**Given entries:**
━━━━━━━━━━━━━━━━━━━━

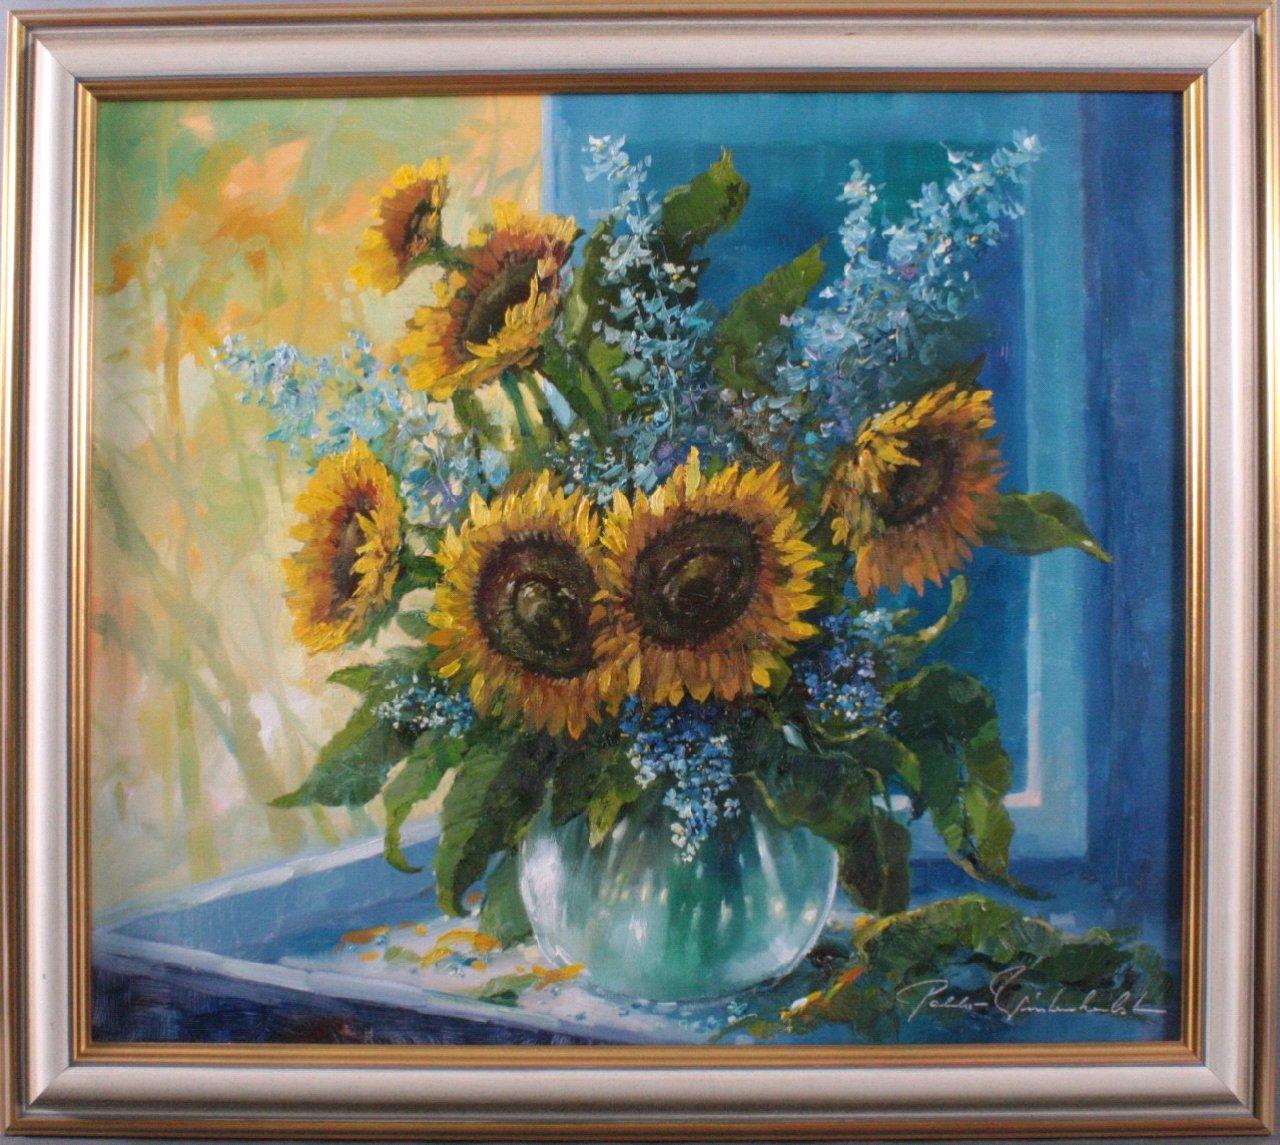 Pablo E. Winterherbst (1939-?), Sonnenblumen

━━━━━━━━━━━━━━━━━━━━

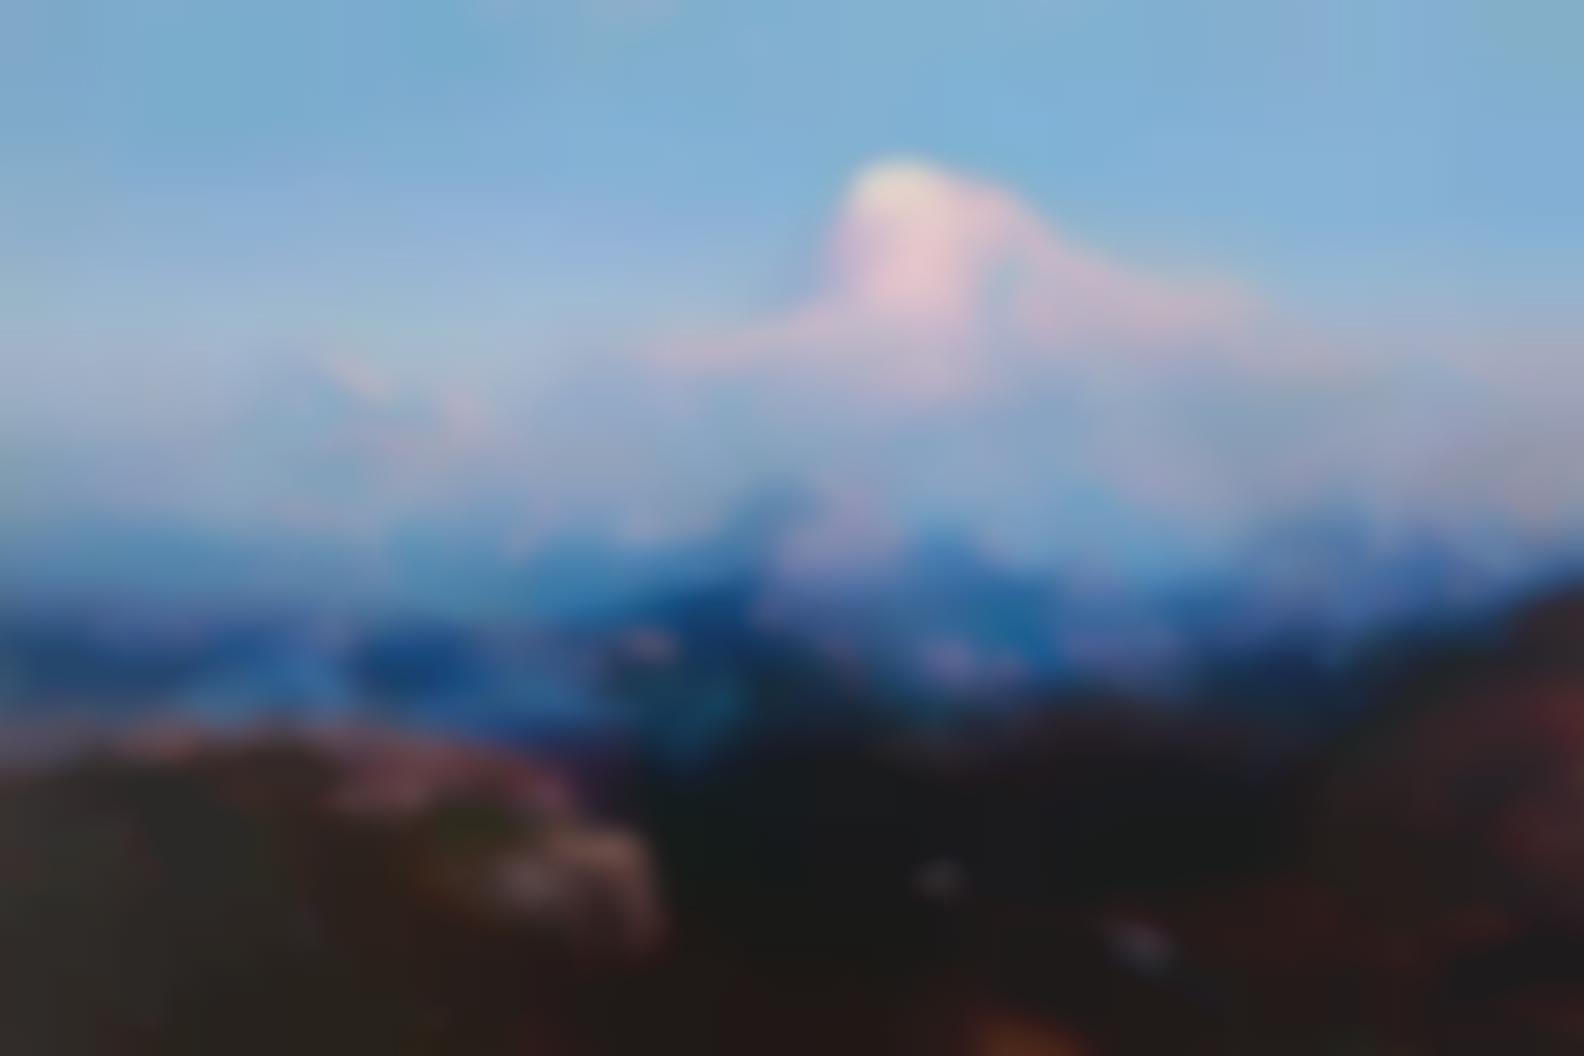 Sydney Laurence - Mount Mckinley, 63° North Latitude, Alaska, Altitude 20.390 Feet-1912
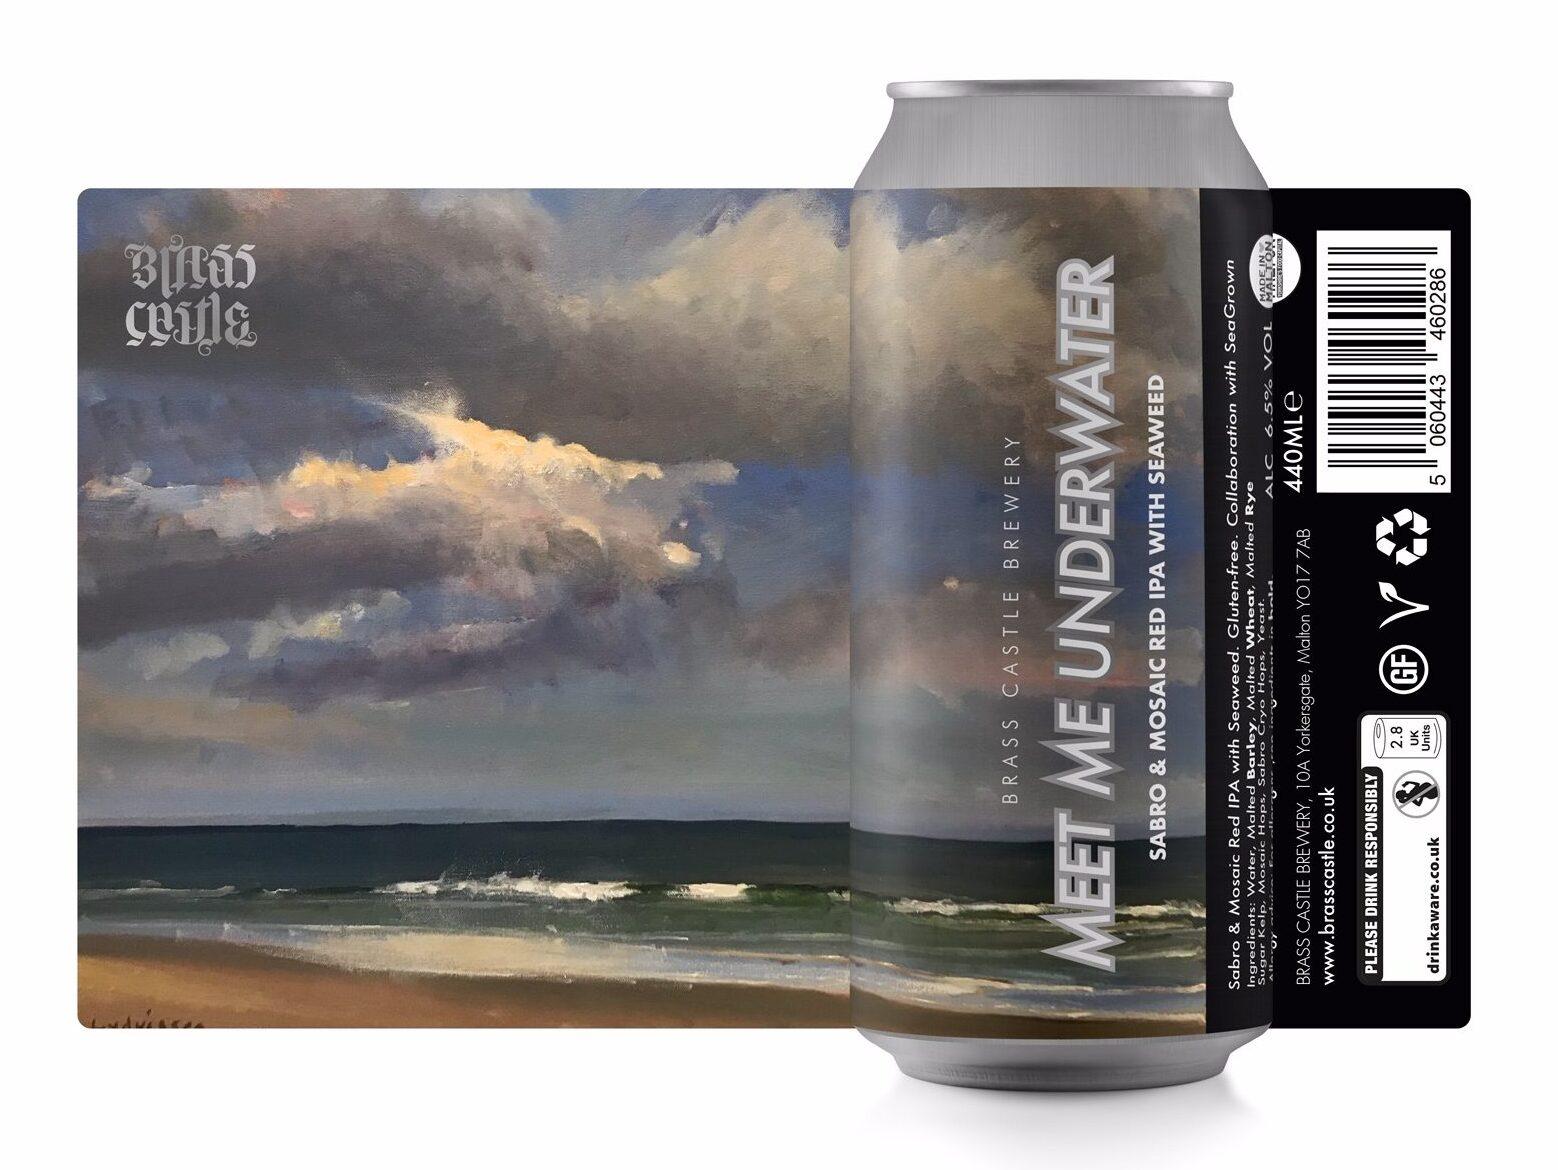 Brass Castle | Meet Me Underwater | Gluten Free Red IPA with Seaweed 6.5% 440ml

━━━━━━━━━━━━━━━━━━━━

**Try it:** Within the entries above, the lines from the one containing "Sydney Laurence - Mount" through the one containing "Brass Castle |" are to be transcribed exactly, ends included, pictures excluded.

**Finished task:**
 Sydney Laurence - Mount Mckinley, 63° North Latitude, Alaska, Altitude 20.390 Feet-1912
 Brass Castle | Meet Me Underwater | Gluten Free Red IPA with Seaweed 6.5% 440ml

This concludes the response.